Atlas 2.1.0 實踐（3）—— Atlas集成HIve

原創

2021-01-26 13:13

Atlas集成Hive

在安裝好Atlas以後，如果想要使用起來，還要讓Atlas與其他組件建立聯繫。

其中最常用的就是Hive。

通過Atlas的架構，只要配置好Hive Hook ，那麼每次Hive做任何操作就會寫入Kafka從而被atlas接收。

並在Atlas中已圖的形式展示出來。

Hive Model

都會記錄Hive哪些操作信息呢？Altas對Hive Model進行了定義。

包含以下內容：

1、實體類型：

hive_db

類型： Asset

屬性：qualifiedName, name, description, owner, clusterName, location, parameters, ownerName

hive_table

類型：DataSet

屬性：qualifiedName, name, description, owner, db, createTime, lastAccessTime, comment, retention, sd, partitionKeys, columns, aliases, parameters, viewOriginalText, viewExpandedText, tableType, temporary

hive_column

類型：DataSet

屬性：qualifiedName, name, description, owner, type, comment, table

hive_storagedesc

類型：Referenceable

屬性： qualifiedName, table, location, inputFormat, outputFormat, compressed, numBuckets, serdeInfo, bucketCols, sortCols, parameters, storedAsSubDirectories

hive_process

類型：Process

屬性：qualifiedName, name, description, owner, inputs, outputs, startTime, endTime, userName, operationType, queryText, queryPlan, queryId, clusterName

hive_column_lineage

類型：Process

屬性：qualifiedName, name, description, owner, inputs, outputs, query, depenendencyType, expression

2、枚舉類型：

hive_principal_type 值：USER, ROLE, GROUP

3、構造類型

hive_order 屬性： col, order

hive_serde 屬性： name, serializationLib, parameters

HIve實體的結構：

hive_db.qualifiedName:     <dbName>@<clusterName>
hive_table.qualifiedName:  <dbName>.<tableName>@<clusterName>
hive_column.qualifiedName: <dbName>.<tableName>.<columnName>@<clusterName>
hive_process.queryString:  trimmed query string in lower case

配置Hive hook

hive hook會監聽hive的 create/update/delete 操作，下面是配置步驟：

1、修改hive-env.sh（指定包地址）

export HIVE_AUX_JARS_PATH=/opt/apps/apache-atlas-2.1.0/hook/hive

2、修改hive-site.xml（配置完需要重啓hive）

<property>
    <name>hive.exec.post.hooks</name>
    <value>org.apache.atlas.hive.hook.HiveHook</value>
</property>
1234

注意，這裏其實是執行後的監控，可以有執行前，執行中的監控。

3、同步配置
拷貝atlas配置文件atlas-application.properties到hive配置目錄
添加配置：

atlas.hook.hive.synchronous=false
atlas.hook.hive.numRetries=3
atlas.hook.hive.queueSize=10000
atlas.cluster.name=primary
atlas.rest.address=http://doit33:21000

將Hive元數據導入Atlas

bin/import-hive.sh

Using Hive configuration directory [/opt/module/hive/conf]
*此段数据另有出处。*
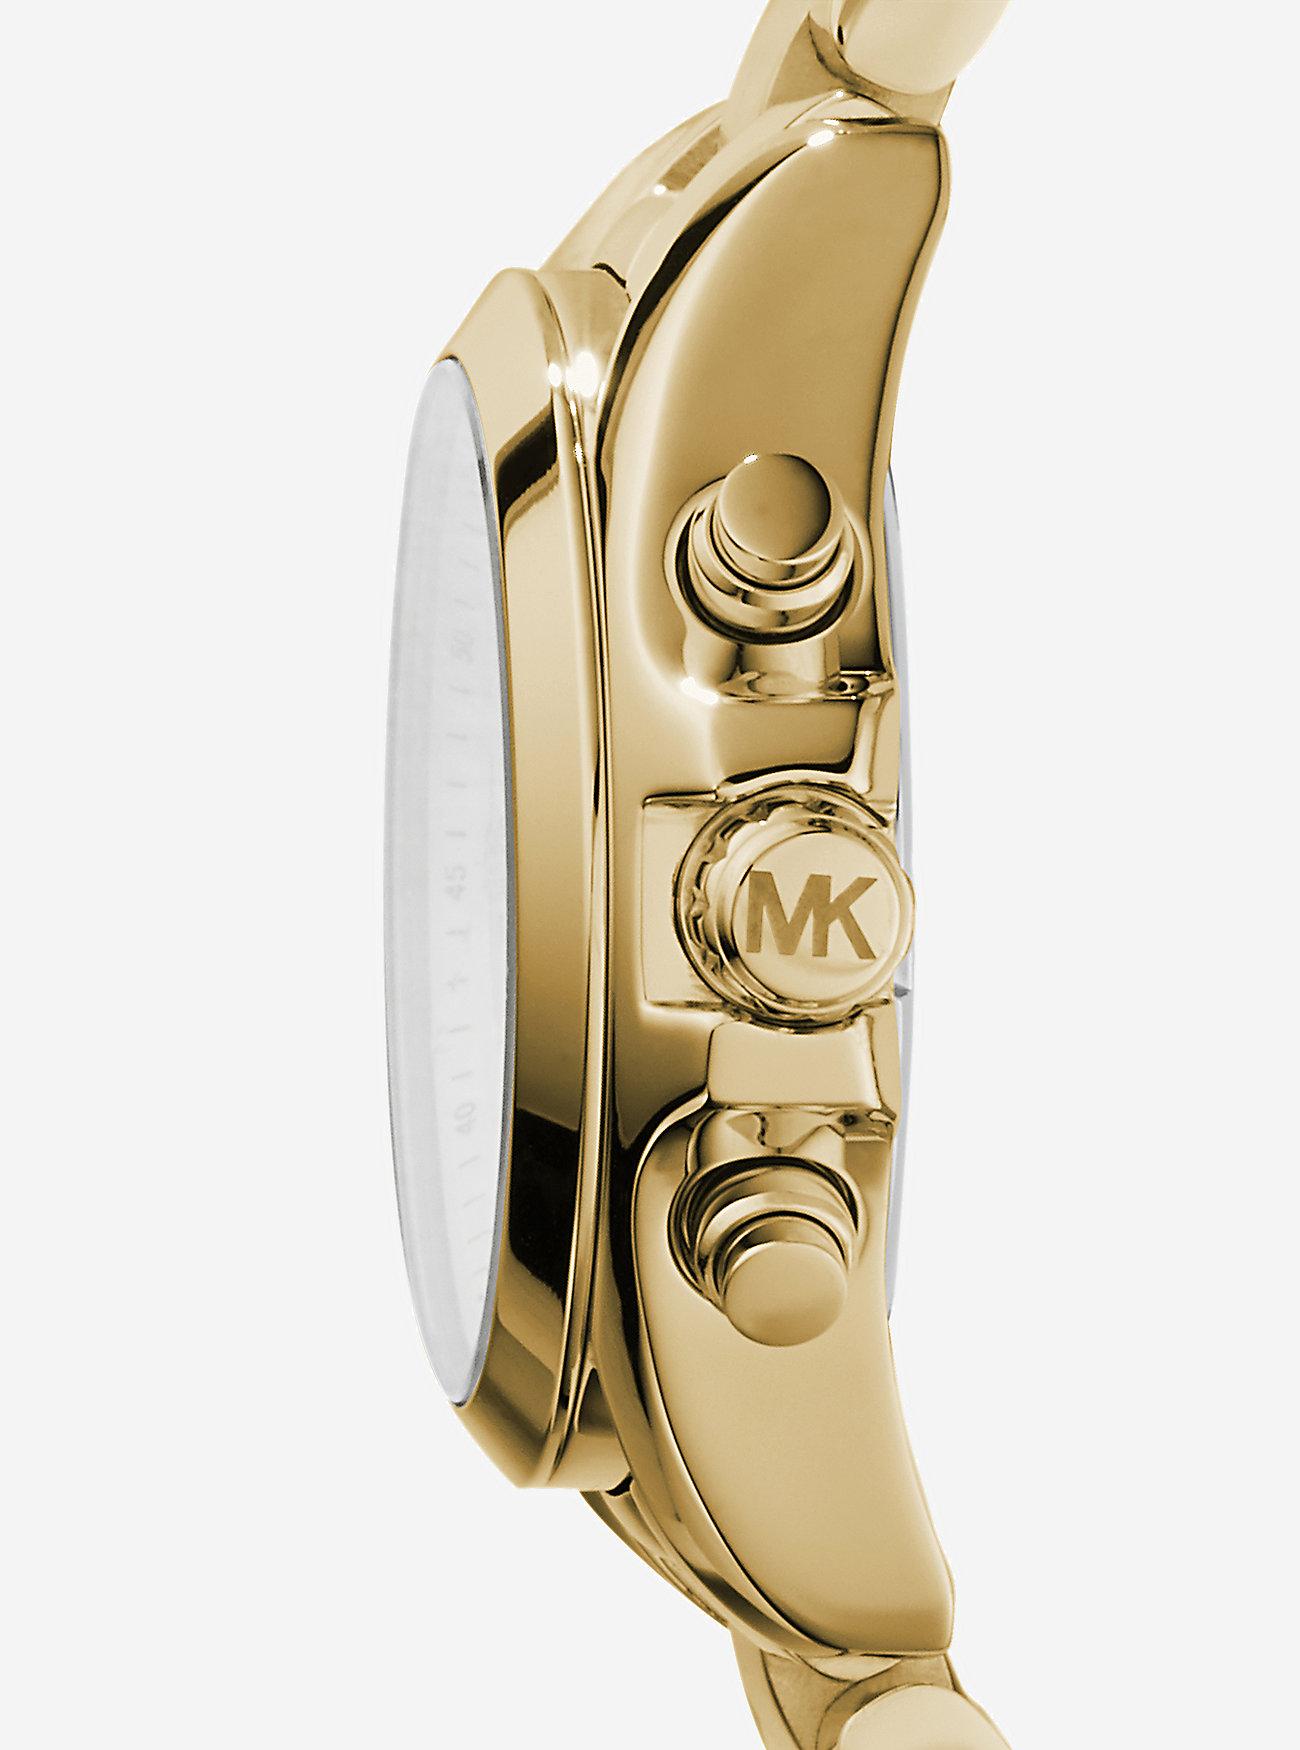 Đồng Hồ Michael Kors Bradshaw Gold-Tone Stainless Steel Watch Nữ Vàng

Log file for import is /opt/module/atlas/logs/import-hive.log

log4j:WARN No such property [maxFileSize] in org.apache.log4j.PatternLayout.

log4j:WARN No such property [maxBackupIndex] in org.apache.log4j.PatternLayout.

輸入用戶名：admin；輸入密碼：admin

Enter username for atlas :- admin

Enter password for atlas :-

Hive Meta Data import was successful!!!

踩坑全記錄

一、找不到類 org.apache.atlas.hive.hook.hivehook

hive第三方jar包沒加進去

小技巧使用hive-shell 看一下jar包加進去沒有 set這將打印由用戶或配置單元覆蓋的配置變量列表。

以加入elsaticsearch-hadoop-2.1.2.jar爲例，講述在Hive中加入第三方jar的幾種方式。

1，在hive shell中加入

hive> add jar /home/hadoop/elasticsearch-hadoop-hive-2.1.2.jar;

連接方式	是否有效
Hive Shell	不需要重啓Hive服務就有效
Hive Server	無效

2，Jar放入${HIVE_HOME}/auxlib目錄

在${HIVE_HOME}中創建文件夾auxlib，然後將自定義jar文件放入該文件夾中。
此方法添加不需要重啓Hive。而且比較便捷。

連接方式	是否有效
Hive Shell	不需要重啓Hive服務就有效
Hive Server	重啓Hive服務才生效

3，HIVE.AUX.JARS.PATH和hive.aux.jars.path

hive-env.sh中的HIVE.AUX.JARS.PATH和hive-site.xml的hive.aux.jars.path配置對服務器無效，僅對當前hive shell有效，不同的hive shell相互不影響，每個hive shell都需要配置，可以配置成文件夾形式。
HIVE.AUX.JARS.PATH和hive.aux.jars.path僅支持本地文件。可配置成文件，也可配置爲文件夾。

連接方式	是否有效
Hive Shell	重啓Hive服務才生效
Hive Server	重啓Hive服務才生效

二、HIVE報錯 Failing because I am unlikely to write too

HIVE.AUX.JARS.PATH配置不對

hive-env.sh腳本中有一段

# Folder containing extra libraries required for hive compilation/execution can be controlled by:
if [ "${HIVE_AUX_JARS_PATH}" != "" ]; then
  export HIVE_AUX_JARS_PATH=${HIVE_AUX_JARS_PATH}
elif [ -d "/usr/hdp/current/hive-webhcat/share/hcatalog" ]; then
  export HIVE_AUX_JARS_PATH=/usr/hdp/current/hive-webhcat/share/hcatalog
fi

如果給HIVE_AUX_JARS_PATH設值，則/usr/hdp/current/hive-webhcat/share/hcatalog就會被忽略掉。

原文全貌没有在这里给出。